Ml-pythonHow-ToBeginner · 4 min read

How to Use MLflow for Tracking Machine Learning Experiments

Use mlflow.start_run() to begin tracking an experiment, then log parameters with mlflow.log_param(), metrics with mlflow.log_metric(), and models with mlflow.sklearn.log_model(). This helps you keep track of your model training details and results in one place.

📐

Syntax

MLflow tracking uses a simple pattern to log your machine learning experiments:

mlflow.start_run(): Starts a new experiment run.
mlflow.log_param(key, value): Logs a parameter like learning rate or number of trees.
mlflow.log_metric(key, value): Logs a metric like accuracy or loss.
mlflow.sklearn.log_model(model, name): Saves the trained model for later use.
mlflow.end_run(): Ends the current run (optional, auto-ended on exit).

python

import mlflow

with mlflow.start_run():
    mlflow.log_param("param1", 5)
    mlflow.log_metric("accuracy", 0.85)
    # model training and logging here
    # mlflow.sklearn.log_model(model, "model")

💻

Example

This example shows how to track a simple scikit-learn model training with MLflow. It logs parameters, metrics, and the model itself.

python

import mlflow
import mlflow.sklearn
from sklearn.ensemble import RandomForestClassifier
from sklearn.datasets import load_iris
from sklearn.model_selection import train_test_split
from sklearn.metrics import accuracy_score

# Load data
iris = load_iris()
X_train, X_test, y_train, y_test = train_test_split(iris.data, iris.target, test_size=0.2, random_state=42)

# Start MLflow run
with mlflow.start_run():
    # Define and train model
    n_estimators = 100
    model = RandomForestClassifier(n_estimators=n_estimators, random_state=42)
    model.fit(X_train, y_train)

    # Predict and calculate accuracy
    preds = model.predict(X_test)
    acc = accuracy_score(y_test, preds)

    # Log parameters and metrics
    mlflow.log_param("n_estimators", n_estimators)
    mlflow.log_metric("accuracy", acc)

    # Log the model
    mlflow.sklearn.log_model(model, "random_forest_model")

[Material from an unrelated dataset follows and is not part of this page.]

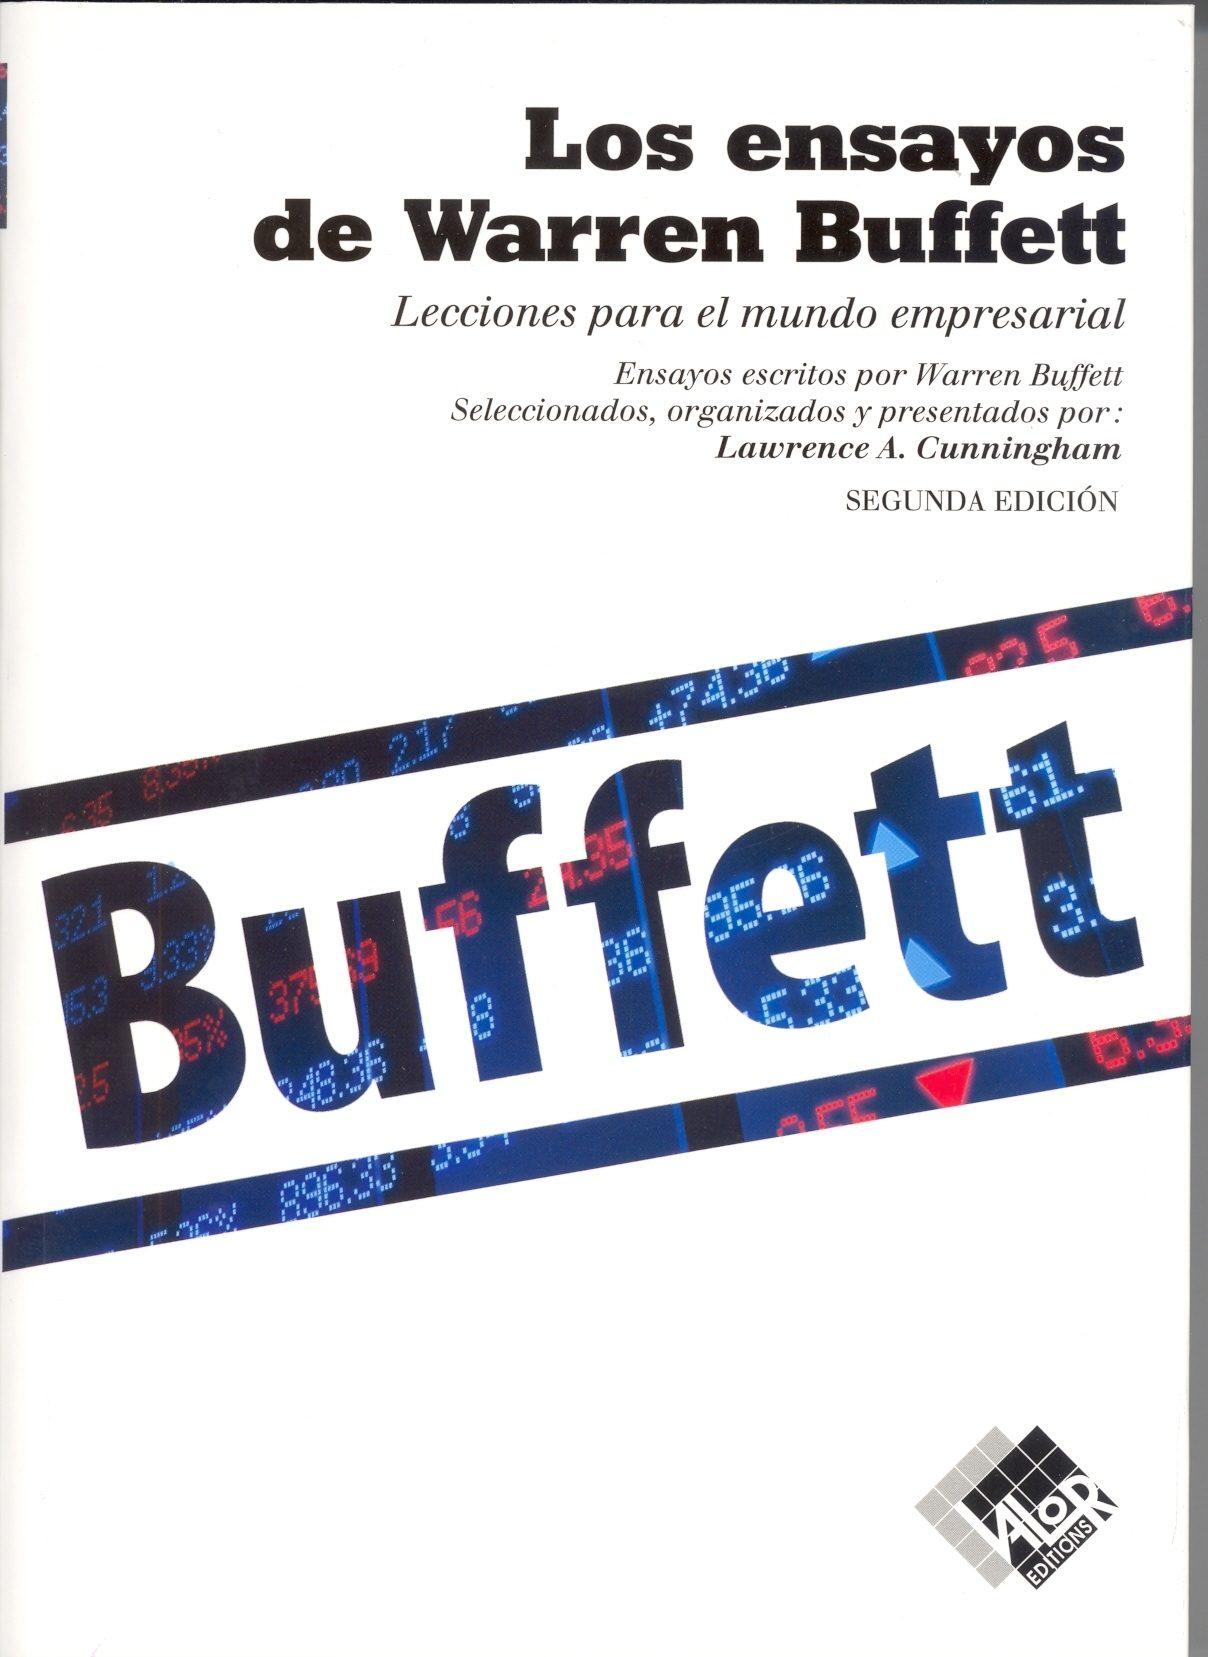 Los ensayos de Warren Buffett Lecciones para el mundo empresarial

    print(f"Logged model with accuracy: {acc:.4f}")

Output

Logged model with accuracy: 1.0000

⚠️

Common Pitfalls

Common mistakes when using MLflow tracking include:

Not using mlflow.start_run() which causes logs to be ignored.
Logging parameters or metrics outside the run context.
Forgetting to log the model after training.
Overwriting runs by not managing run IDs or experiment names.

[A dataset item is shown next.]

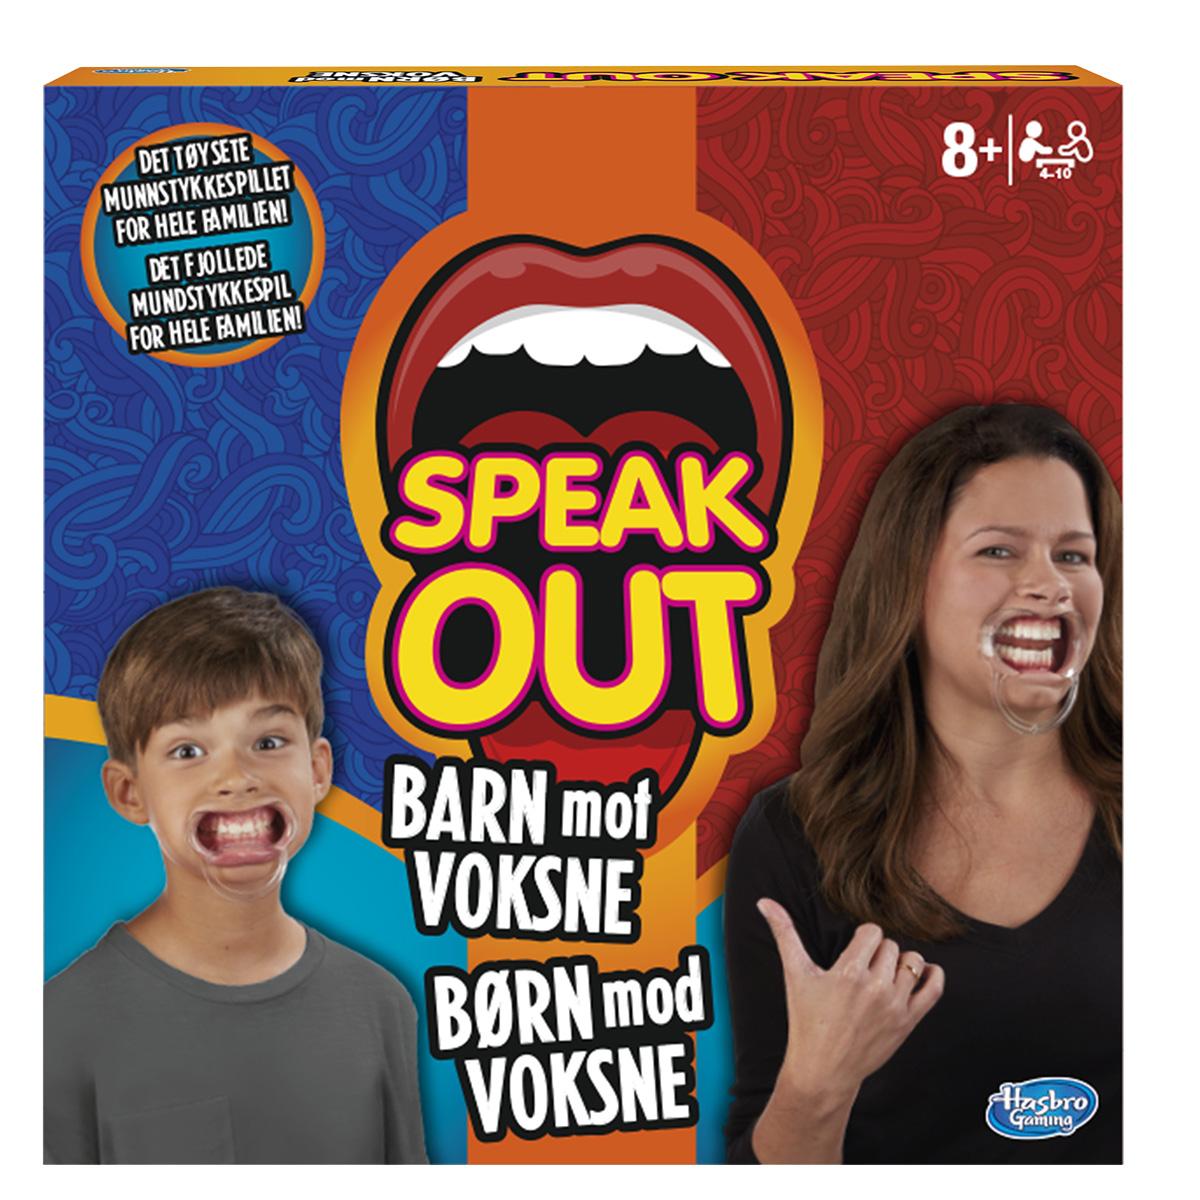 Speak Out - Børn mod voksne

Always use with mlflow.start_run(): to ensure logs are saved properly.

python

import mlflow

# Wrong way: logging outside a run
# mlflow.log_param("param", 10)  # This will raise an error

# Right way:
with mlflow.start_run():
    mlflow.log_param("param", 10)

Output

Traceback (most recent call last): File "example.py", line 4, in <module> mlflow.log_param("param", 10) File "/usr/local/lib/python3.8/site-packages/mlflow/tracking/fluent.py", line 456, in log_param _get_active_run_or_raise().log_param(key, value) File "/usr/local/lib/python3.8/site-packages/mlflow/tracking/fluent.py", line 222, in _get_active_run_or_raise raise MlflowException("No active run") mlflow.exceptions.MlflowException: No active run

📊

Quick Reference

Here is a quick summary of MLflow tracking commands:

Command	Description
mlflow.start_run()	Start a new experiment run context
mlflow.log_param(key, value)	Log a parameter (e.g., hyperparameter)
mlflow.log_metric(key, value)	Log a metric (e.g., accuracy)
mlflow.sklearn.log_model(model, name)	Save a trained scikit-learn model
mlflow.end_run()	End the current run (optional)

✅

Key Takeaways

Always use mlflow.start_run() to begin tracking an experiment run.

Log parameters and metrics inside the run context to save them properly.

Use mlflow.sklearn.log_model() to save your trained model for later use.

Avoid logging outside a run context to prevent errors.

MLflow helps organize and compare multiple experiment runs easily.